» Assigned task
Reproduce the listing below in full and exactly; no pictures belong in the copy.

» Recorded data
================================

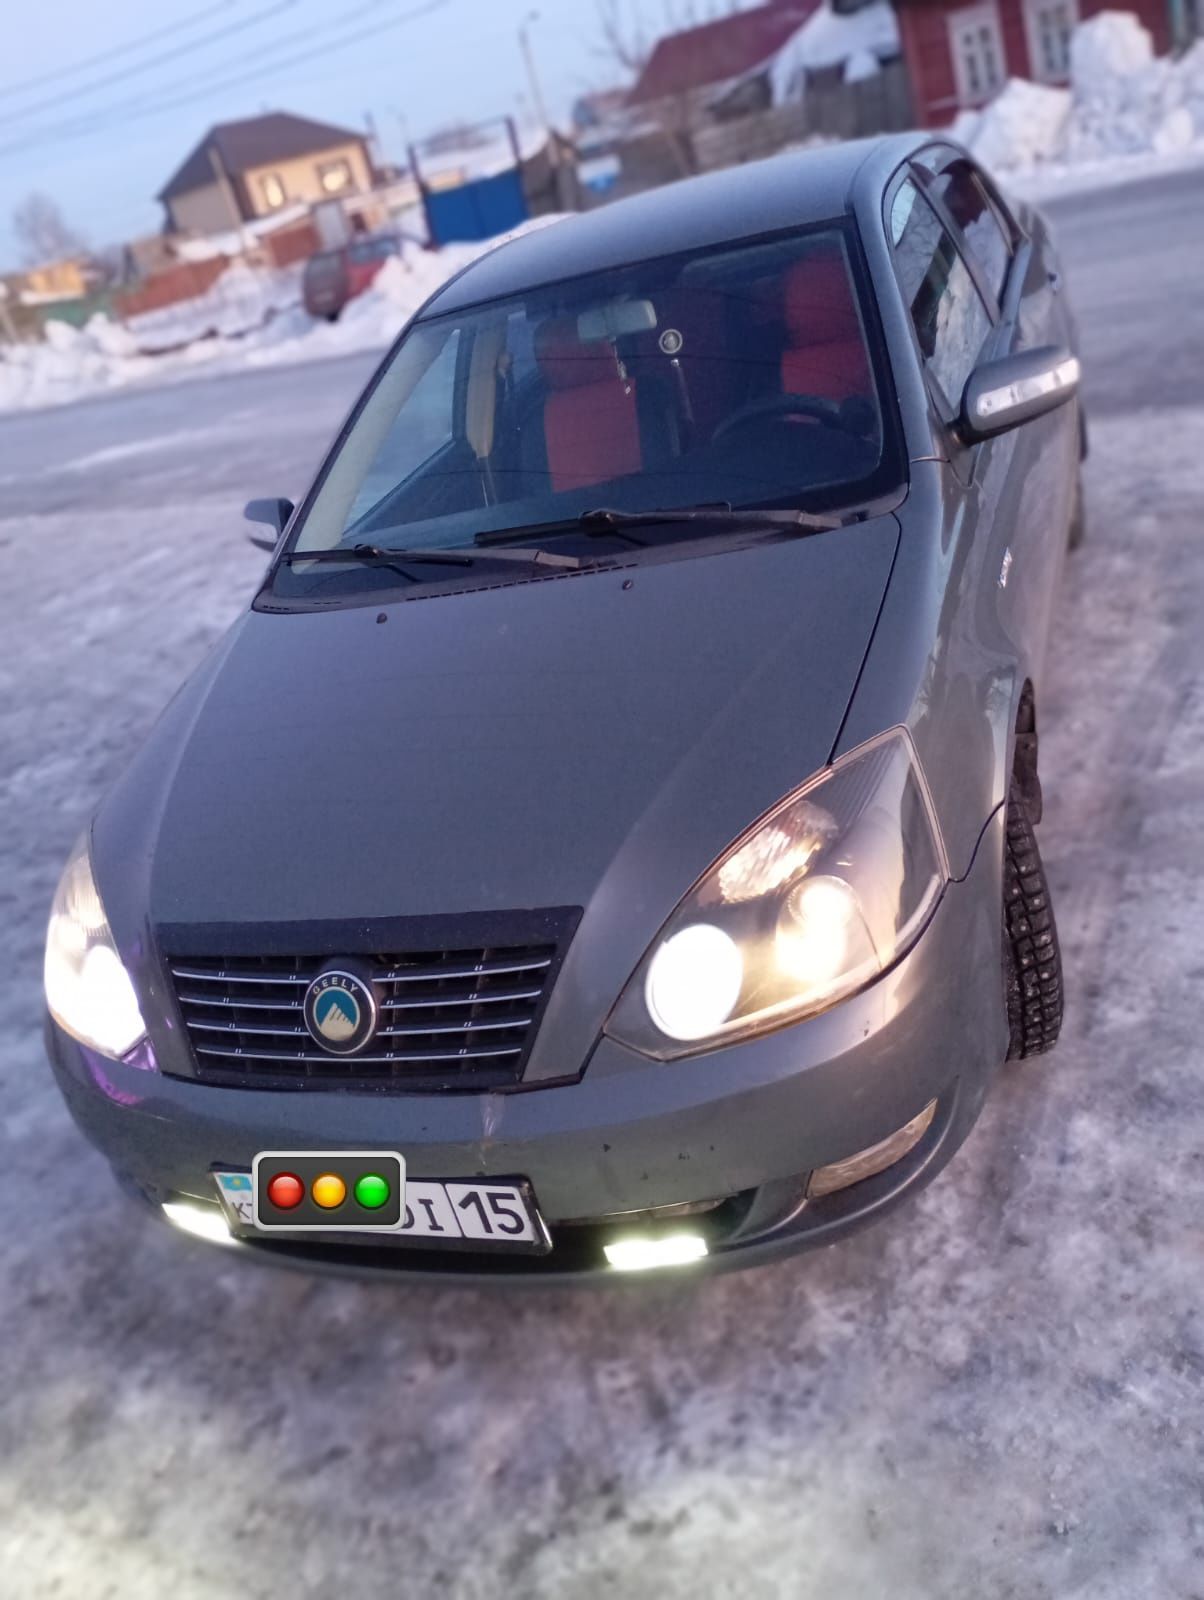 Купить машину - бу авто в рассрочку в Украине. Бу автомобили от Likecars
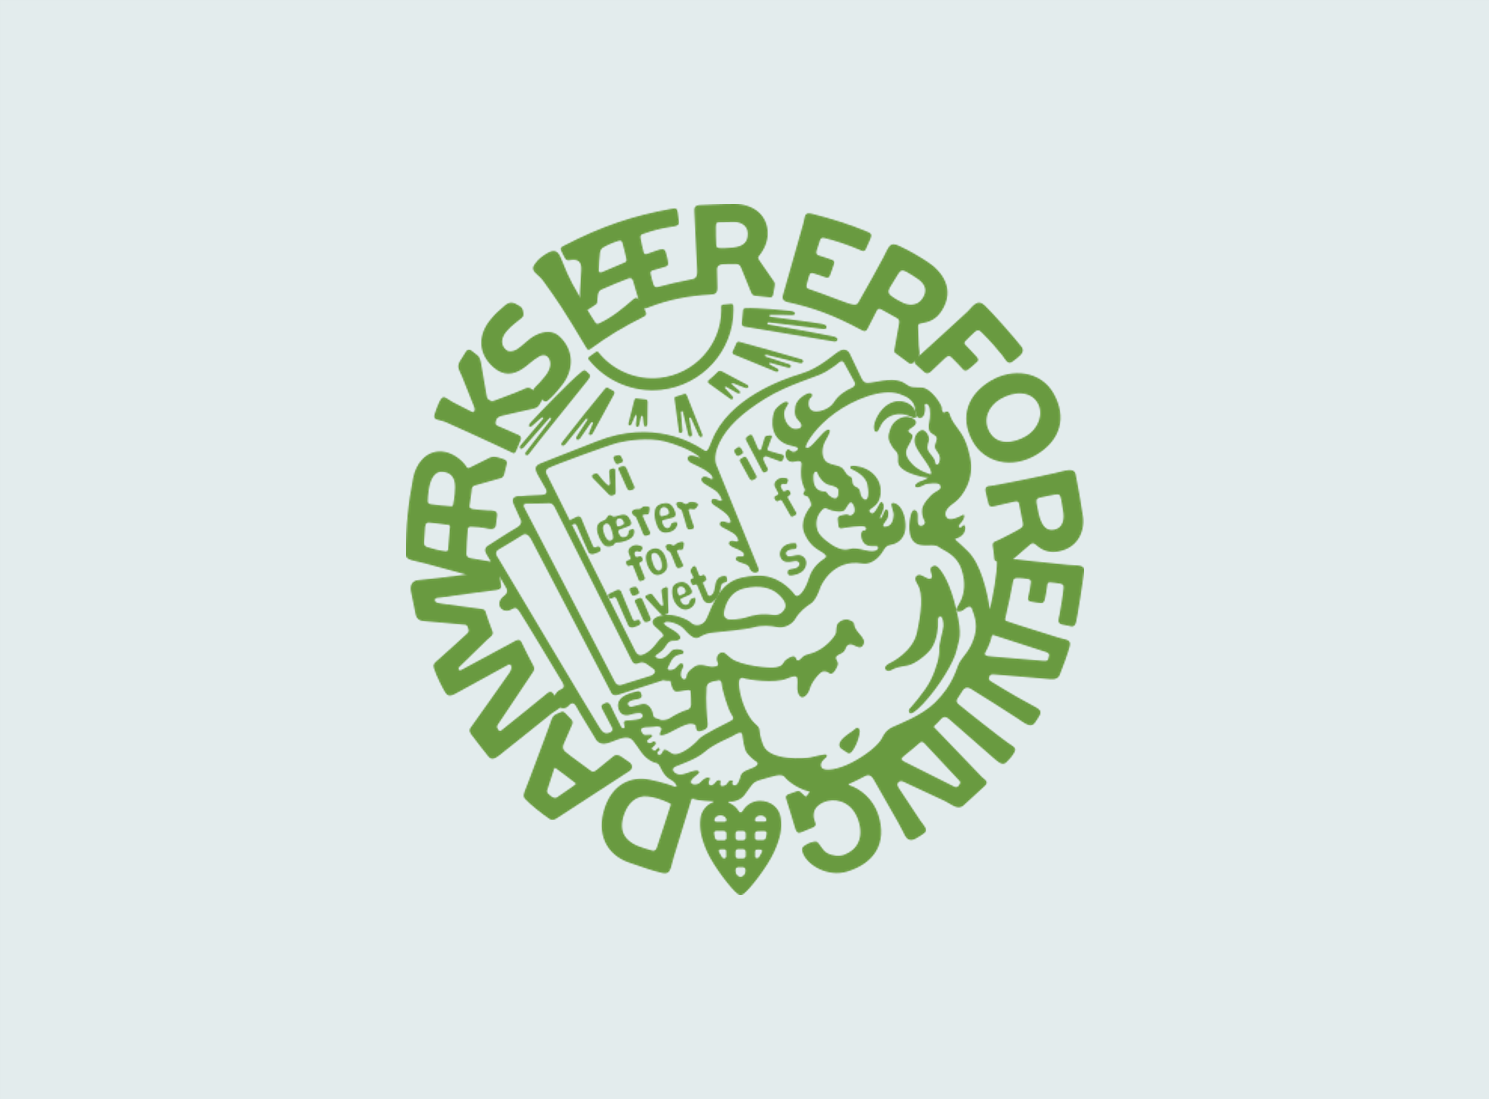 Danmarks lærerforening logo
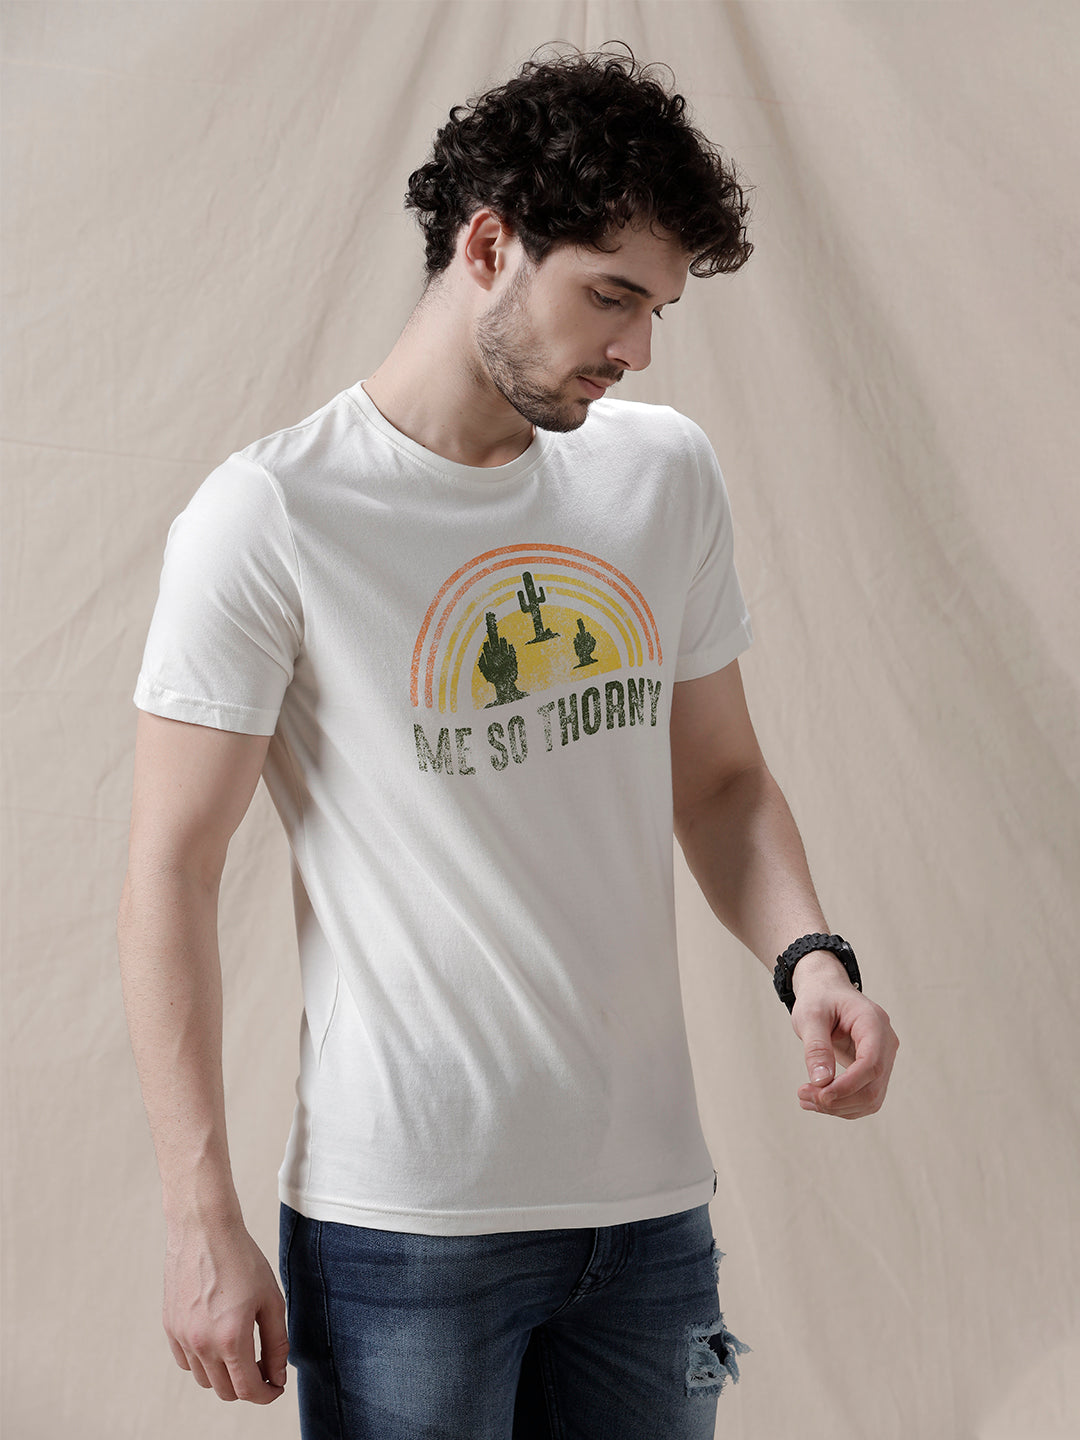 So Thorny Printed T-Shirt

================================

» Exercise solution
 Купить машину - бу авто в рассрочку в Украине. Бу автомобили от Likecars
 Danmarks lærerforening logo
 So Thorny Printed T-Shirt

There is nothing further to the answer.